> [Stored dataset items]
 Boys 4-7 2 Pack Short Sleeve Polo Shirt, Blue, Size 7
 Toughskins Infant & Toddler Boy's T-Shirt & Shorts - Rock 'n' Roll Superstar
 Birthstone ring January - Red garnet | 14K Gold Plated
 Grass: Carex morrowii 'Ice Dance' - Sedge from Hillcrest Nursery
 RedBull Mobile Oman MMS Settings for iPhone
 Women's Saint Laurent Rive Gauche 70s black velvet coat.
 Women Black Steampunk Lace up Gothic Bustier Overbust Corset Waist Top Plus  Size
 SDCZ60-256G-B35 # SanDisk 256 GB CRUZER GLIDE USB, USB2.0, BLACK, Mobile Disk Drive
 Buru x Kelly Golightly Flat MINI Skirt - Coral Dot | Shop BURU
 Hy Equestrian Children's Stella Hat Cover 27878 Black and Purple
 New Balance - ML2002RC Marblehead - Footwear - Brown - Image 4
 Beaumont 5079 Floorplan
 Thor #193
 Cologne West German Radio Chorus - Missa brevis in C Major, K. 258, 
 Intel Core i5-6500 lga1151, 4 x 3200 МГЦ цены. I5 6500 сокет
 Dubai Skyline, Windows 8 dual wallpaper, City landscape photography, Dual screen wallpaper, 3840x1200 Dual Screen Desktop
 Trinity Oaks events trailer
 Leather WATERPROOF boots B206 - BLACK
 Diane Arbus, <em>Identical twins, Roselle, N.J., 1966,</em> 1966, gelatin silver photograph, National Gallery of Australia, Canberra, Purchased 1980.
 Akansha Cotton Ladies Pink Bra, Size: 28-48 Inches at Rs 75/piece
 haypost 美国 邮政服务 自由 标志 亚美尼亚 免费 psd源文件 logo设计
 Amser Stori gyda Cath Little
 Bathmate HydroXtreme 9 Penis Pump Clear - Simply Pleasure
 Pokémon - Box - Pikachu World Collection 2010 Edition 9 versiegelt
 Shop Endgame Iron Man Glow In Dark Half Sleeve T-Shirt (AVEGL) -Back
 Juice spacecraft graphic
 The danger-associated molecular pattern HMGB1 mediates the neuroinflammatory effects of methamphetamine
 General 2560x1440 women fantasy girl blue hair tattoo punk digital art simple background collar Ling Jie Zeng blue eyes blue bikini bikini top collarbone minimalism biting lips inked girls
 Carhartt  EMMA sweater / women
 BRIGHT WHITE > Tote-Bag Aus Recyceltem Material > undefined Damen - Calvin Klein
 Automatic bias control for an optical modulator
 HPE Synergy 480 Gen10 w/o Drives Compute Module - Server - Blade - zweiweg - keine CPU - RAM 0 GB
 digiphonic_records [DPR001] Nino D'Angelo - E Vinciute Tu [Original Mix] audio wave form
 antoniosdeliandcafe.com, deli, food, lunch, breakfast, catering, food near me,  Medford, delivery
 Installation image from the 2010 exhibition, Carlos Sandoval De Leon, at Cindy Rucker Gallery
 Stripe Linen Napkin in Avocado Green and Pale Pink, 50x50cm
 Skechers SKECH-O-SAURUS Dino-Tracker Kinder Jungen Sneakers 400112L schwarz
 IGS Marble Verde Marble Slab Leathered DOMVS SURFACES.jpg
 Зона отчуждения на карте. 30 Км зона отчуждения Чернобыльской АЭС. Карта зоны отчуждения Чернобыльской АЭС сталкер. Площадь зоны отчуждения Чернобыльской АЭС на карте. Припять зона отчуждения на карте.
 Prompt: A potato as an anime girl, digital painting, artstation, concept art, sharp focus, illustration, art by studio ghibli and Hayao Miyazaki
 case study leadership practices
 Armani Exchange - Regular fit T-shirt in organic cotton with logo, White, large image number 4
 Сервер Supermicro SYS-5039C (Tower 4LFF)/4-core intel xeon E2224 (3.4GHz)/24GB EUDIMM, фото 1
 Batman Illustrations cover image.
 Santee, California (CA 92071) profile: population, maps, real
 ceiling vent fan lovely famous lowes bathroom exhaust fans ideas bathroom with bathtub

> [What to work on] From the records above, transcribe exactly the run of lines that opens with the line holding "General 2560x1440 women" and closes with the line holding "Armani Exchange - Regular", both included.

> [Answer to this exercise]
 General 2560x1440 women fantasy girl blue hair tattoo punk digital art simple background collar Ling Jie Zeng blue eyes blue bikini bikini top collarbone minimalism biting lips inked girls
 Carhartt  EMMA sweater / women
 BRIGHT WHITE > Tote-Bag Aus Recyceltem Material > undefined Damen - Calvin Klein
 Automatic bias control for an optical modulator
 HPE Synergy 480 Gen10 w/o Drives Compute Module - Server - Blade - zweiweg - keine CPU - RAM 0 GB
 digiphonic_records [DPR001] Nino D'Angelo - E Vinciute Tu [Original Mix] audio wave form
 antoniosdeliandcafe.com, deli, food, lunch, breakfast, catering, food near me,  Medford, delivery
 Installation image from the 2010 exhibition, Carlos Sandoval De Leon, at Cindy Rucker Gallery
 Stripe Linen Napkin in Avocado Green and Pale Pink, 50x50cm
 Skechers SKECH-O-SAURUS Dino-Tracker Kinder Jungen Sneakers 400112L schwarz
 IGS Marble Verde Marble Slab Leathered DOMVS SURFACES.jpg
 Зона отчуждения на карте. 30 Км зона отчуждения Чернобыльской АЭС. Карта зоны отчуждения Чернобыльской АЭС сталкер. Площадь зоны отчуждения Чернобыльской АЭС на карте. Припять зона отчуждения на карте.
 Prompt: A potato as an anime girl, digital painting, artstation, concept art, sharp focus, illustration, art by studio ghibli and Hayao Miyazaki
 case study leadership practices
 Armani Exchange - Regular fit T-shirt in organic cotton with logo, White, large image number 4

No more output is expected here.